#### The task:
Repeat exactly the line with "Condo Apt For" and each line after it to the end of the data below; pictures stay out.

___ Recorded data

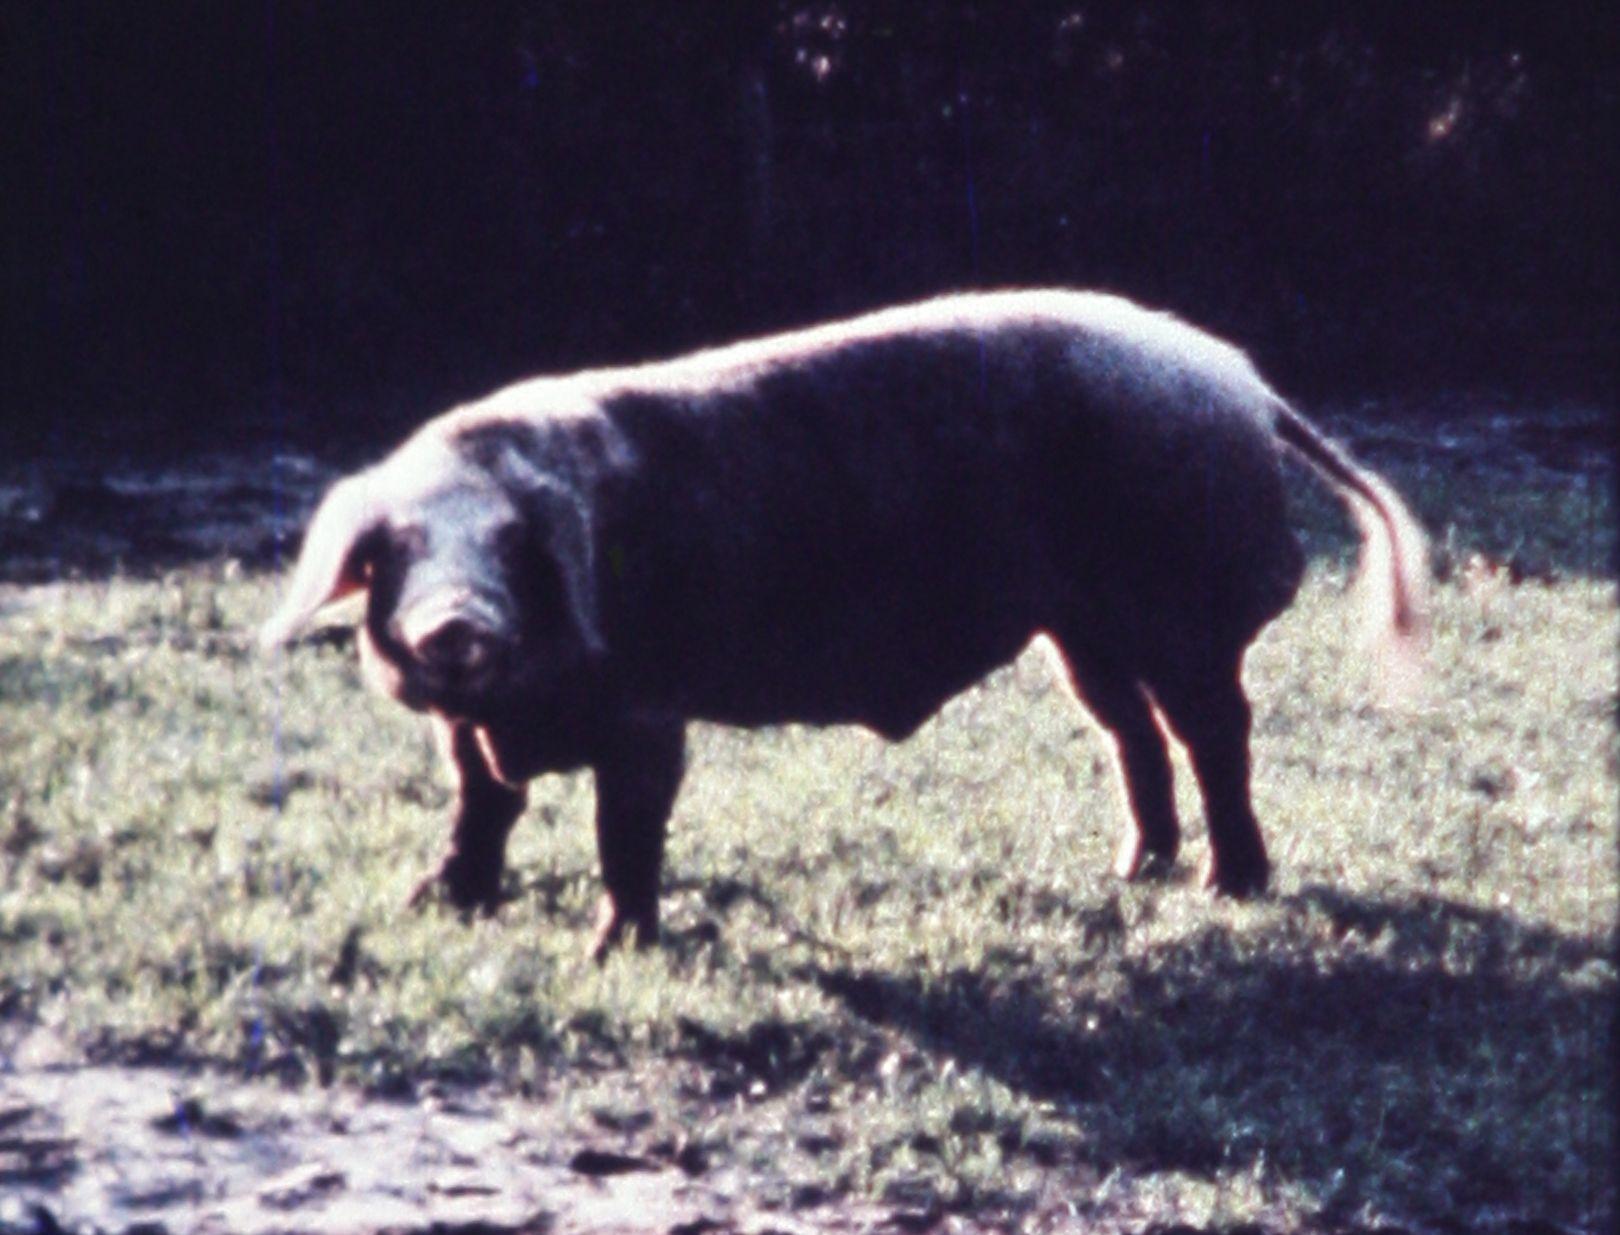 Margaret Raspé, Schweineschnitzel (Pork Schnitzel), 1971, Super 8 transferred to blu-ray, color, silent 04:00 min Courtesy: Galerie Emanuel Layr
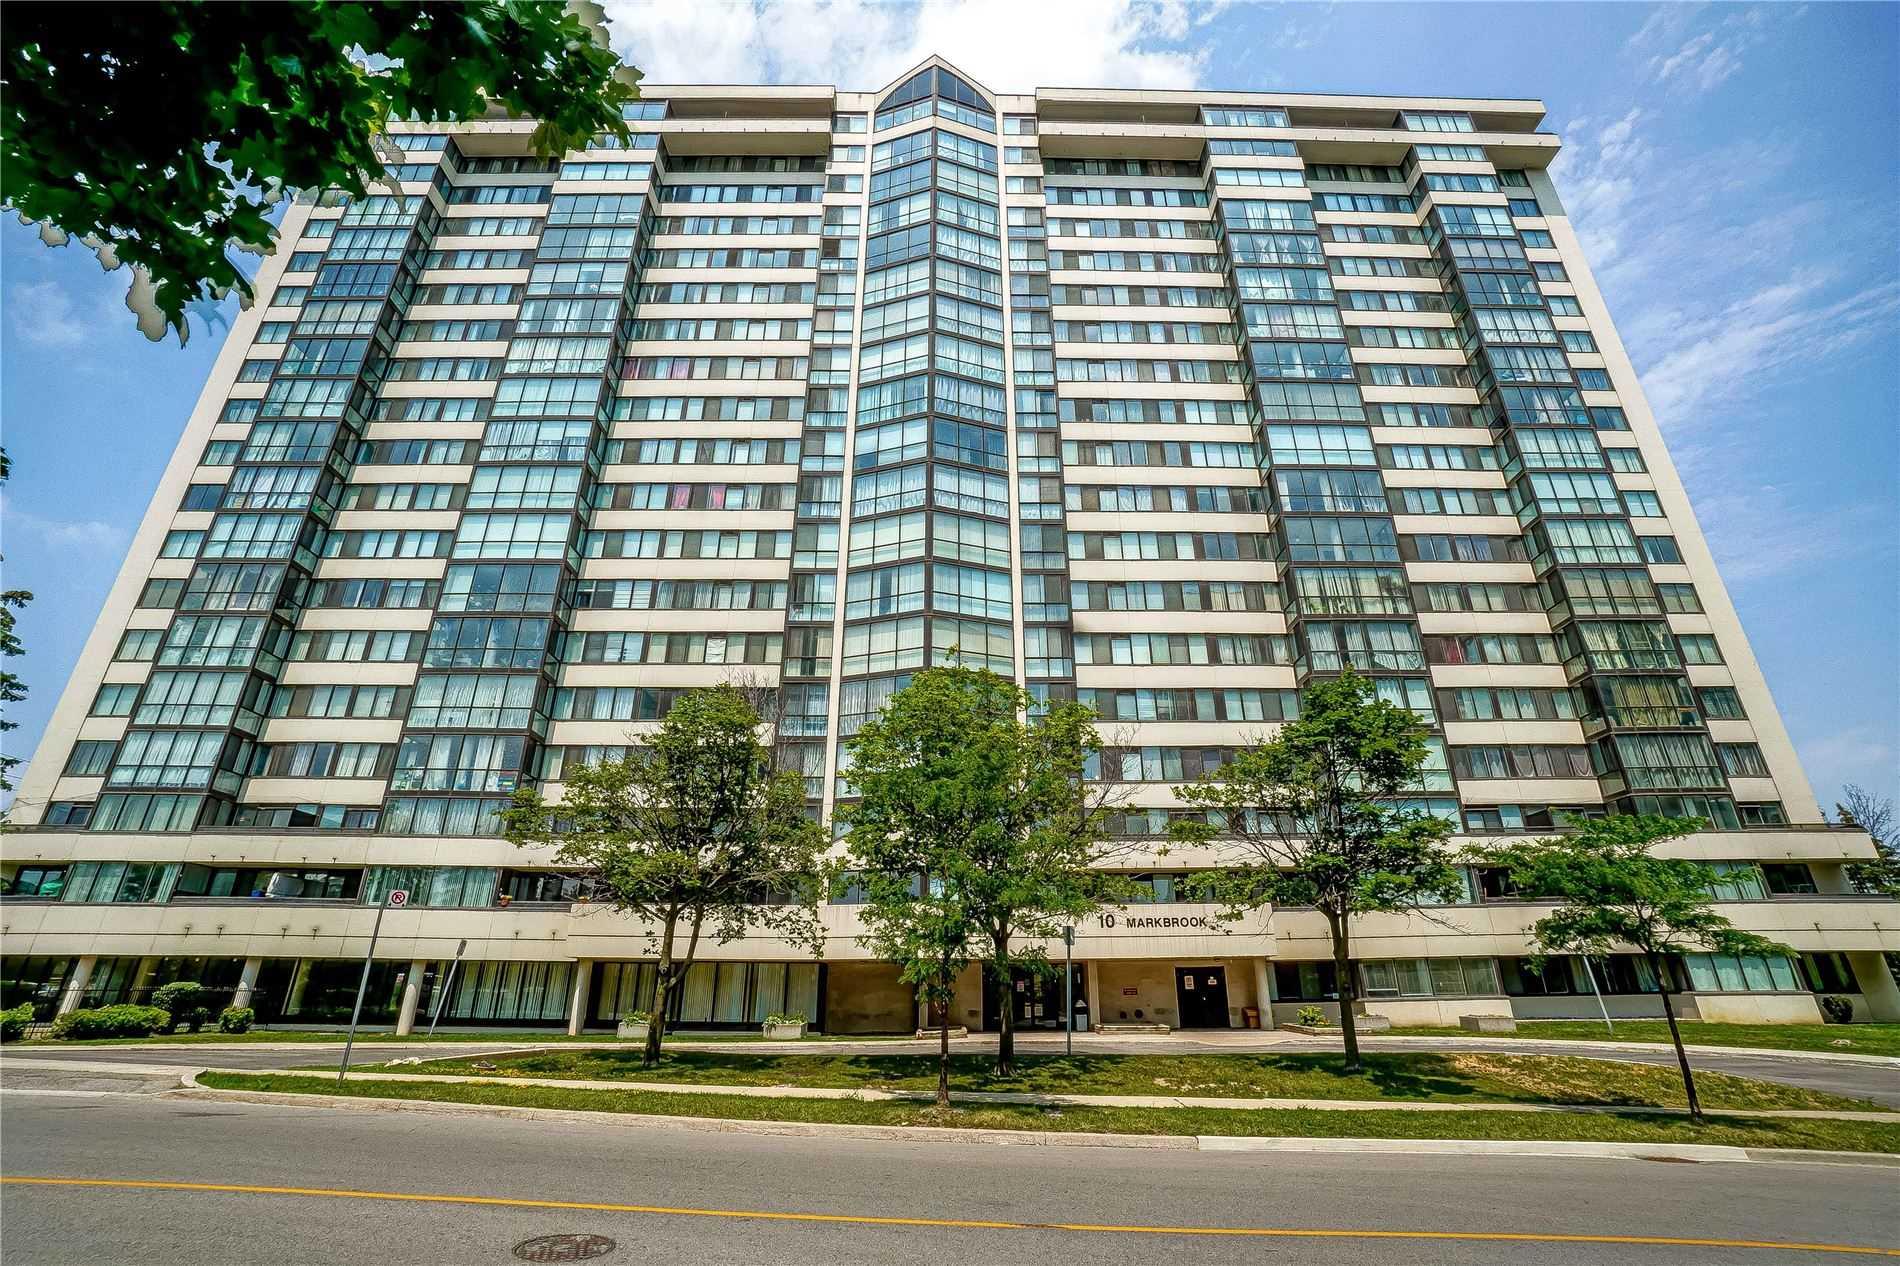 Condo Apt For Sale In Toronto , 2 Bedrooms Bedrooms, ,2 BathroomsBathrooms,Condo Apt,For Sale,1507,Markbrook
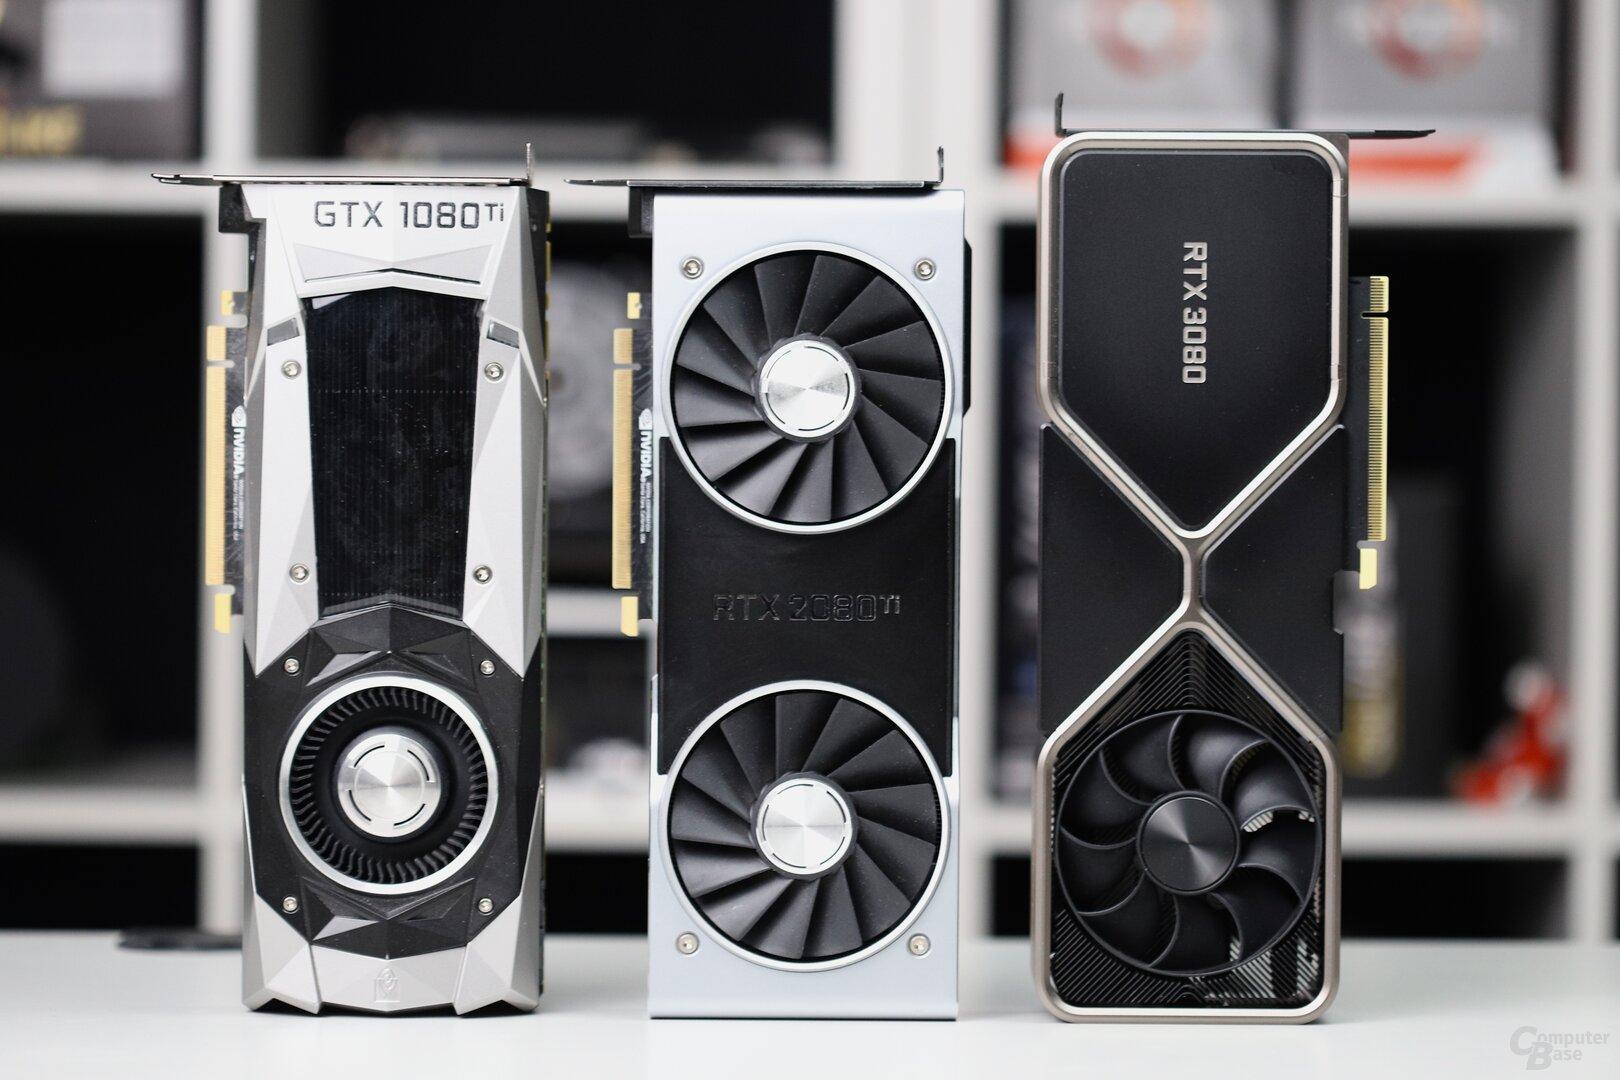 GeForce RTX 1080 Ti FE, GeForce RTX 2080 Ti FE und GeForce RTX 3080 FE

______

#### Answer:
 Condo Apt For Sale In Toronto , 2 Bedrooms Bedrooms, ,2 BathroomsBathrooms,Condo Apt,For Sale,1507,Markbrook
 GeForce RTX 1080 Ti FE, GeForce RTX 2080 Ti FE und GeForce RTX 3080 FE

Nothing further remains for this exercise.